"Mama tega sekali melakukan ini padaku, Mama boleh tidak menyayangiku tapi kenapa Mama juga tidak menyayangi calon anakku, dia juga akan jadi cucu Mama. Bahkan Mama tega membunuhnya saat usianya baru enam minggu." Sayup-sayup kudengar suara Mas Aresn.
"Calon bayiku sudah tiada? maafkan Mama, Nak, Mama telah menyebutmu menyebalkan padahal kamu masih dalam perut. Apa karena itu kamu pergi meninggalkan mama bahkan saat usiamu baru enam minggu?" batinku berkecamuk mendengar perkataan suamiku.
Air mataku menetes dalam keadaan mata masih terpejam
Kurasakan tangan mas Arsen mengengam tanganku, mungkin dia melihat aku meneteskan air mata.
"Bagaimana kita menjelaskan semua ini pada Mas Prasetyo, Ma?" ucap papa menyebut nama papaku.
Aku membuka mata, "Mama dan Papa belum aku kasih tahu, Pa, mereka belum sempat tahu kalau aku sedang hamil."
Saat aku menyelesaikan kalimatku pintu kamar ruangan ini terbuka, terlihat mama dan papa menatapku dengan bahagia. Kedua orang tuaku datang kemari, siapa yang memberitahu keadaanku di sini.
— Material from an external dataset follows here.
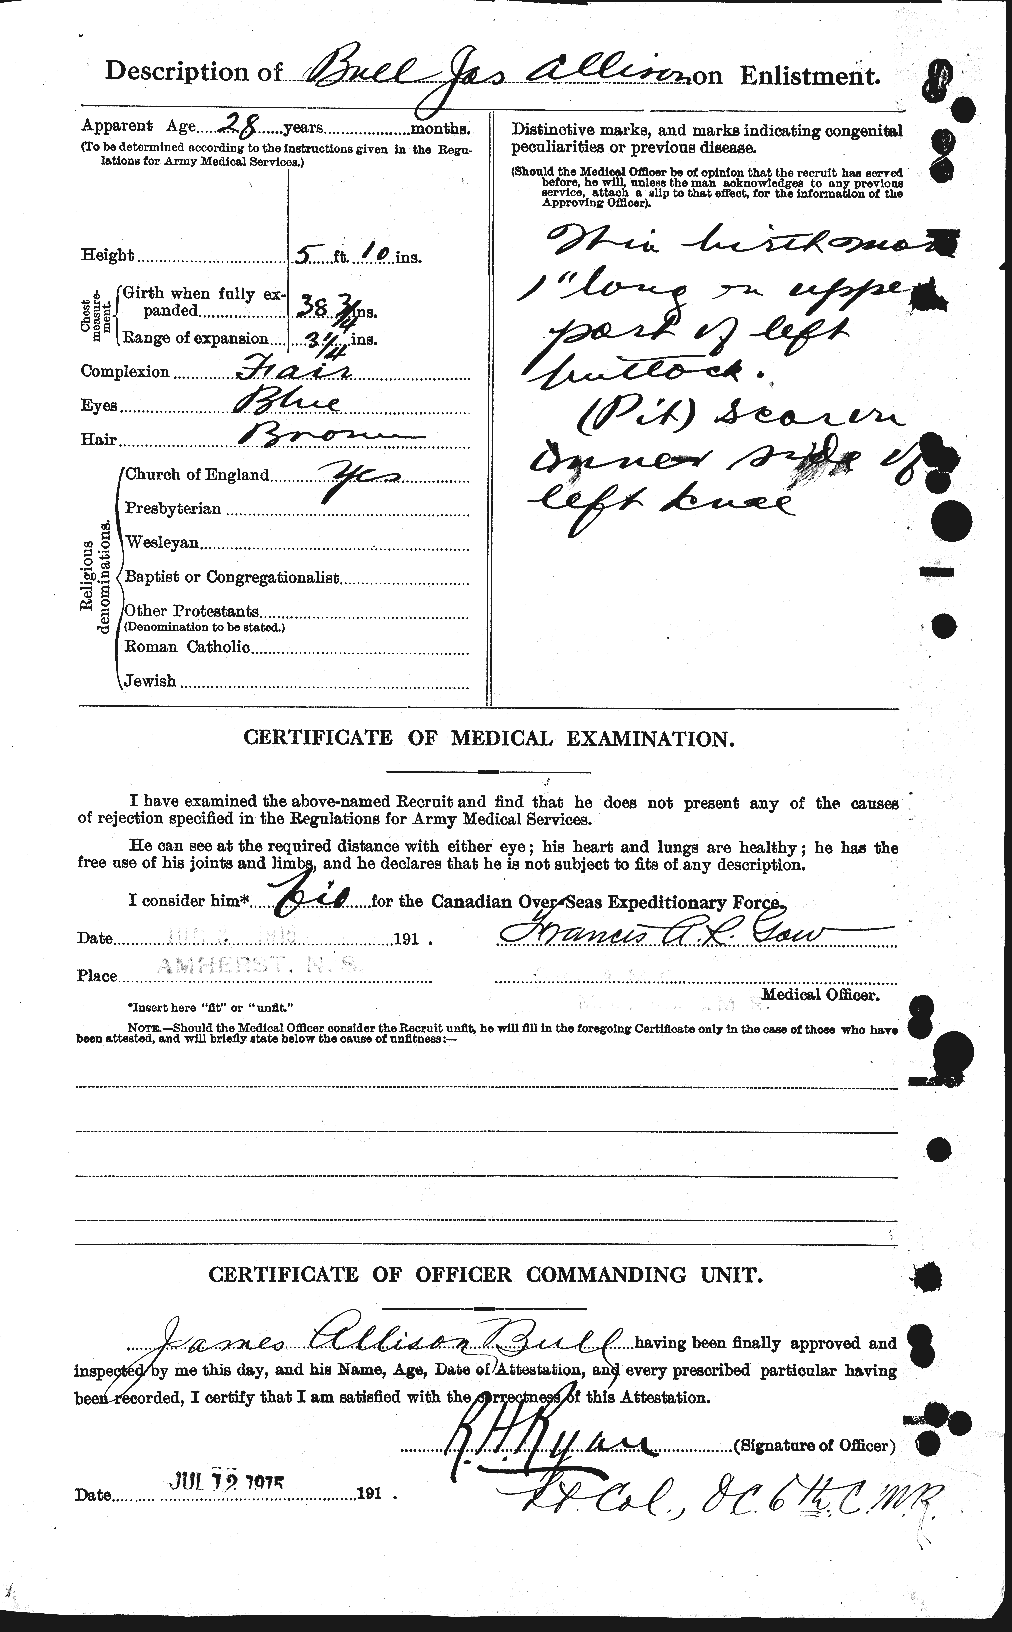 Dossiers du Personnel de la Première Guerre mondiale - CEC 273416b

"Kamu hamil, Nak? Mama sudah menunggu saat-saat seperti ini." Mama bergegas menuju padaku dah memberiku sebuah pelukan.
Hatiku teriris, aku hanya diam tidak tahu apa yang akan aku katanya pada mereka. Semua orang di ruangan ini hanya diam saling menatap.
"Awalnya, Vira memang hamil mas, tapi sekarang calon bayi itu sudah tidak ada," ucap Papa Candra pelan.
"Apa maksudmu, Mas, kenapa bisa tiba-tiba tidak ada? jelaskan padaku," tanya Papa.
"Sebenarnya...." Ucapan papa Candra terputus.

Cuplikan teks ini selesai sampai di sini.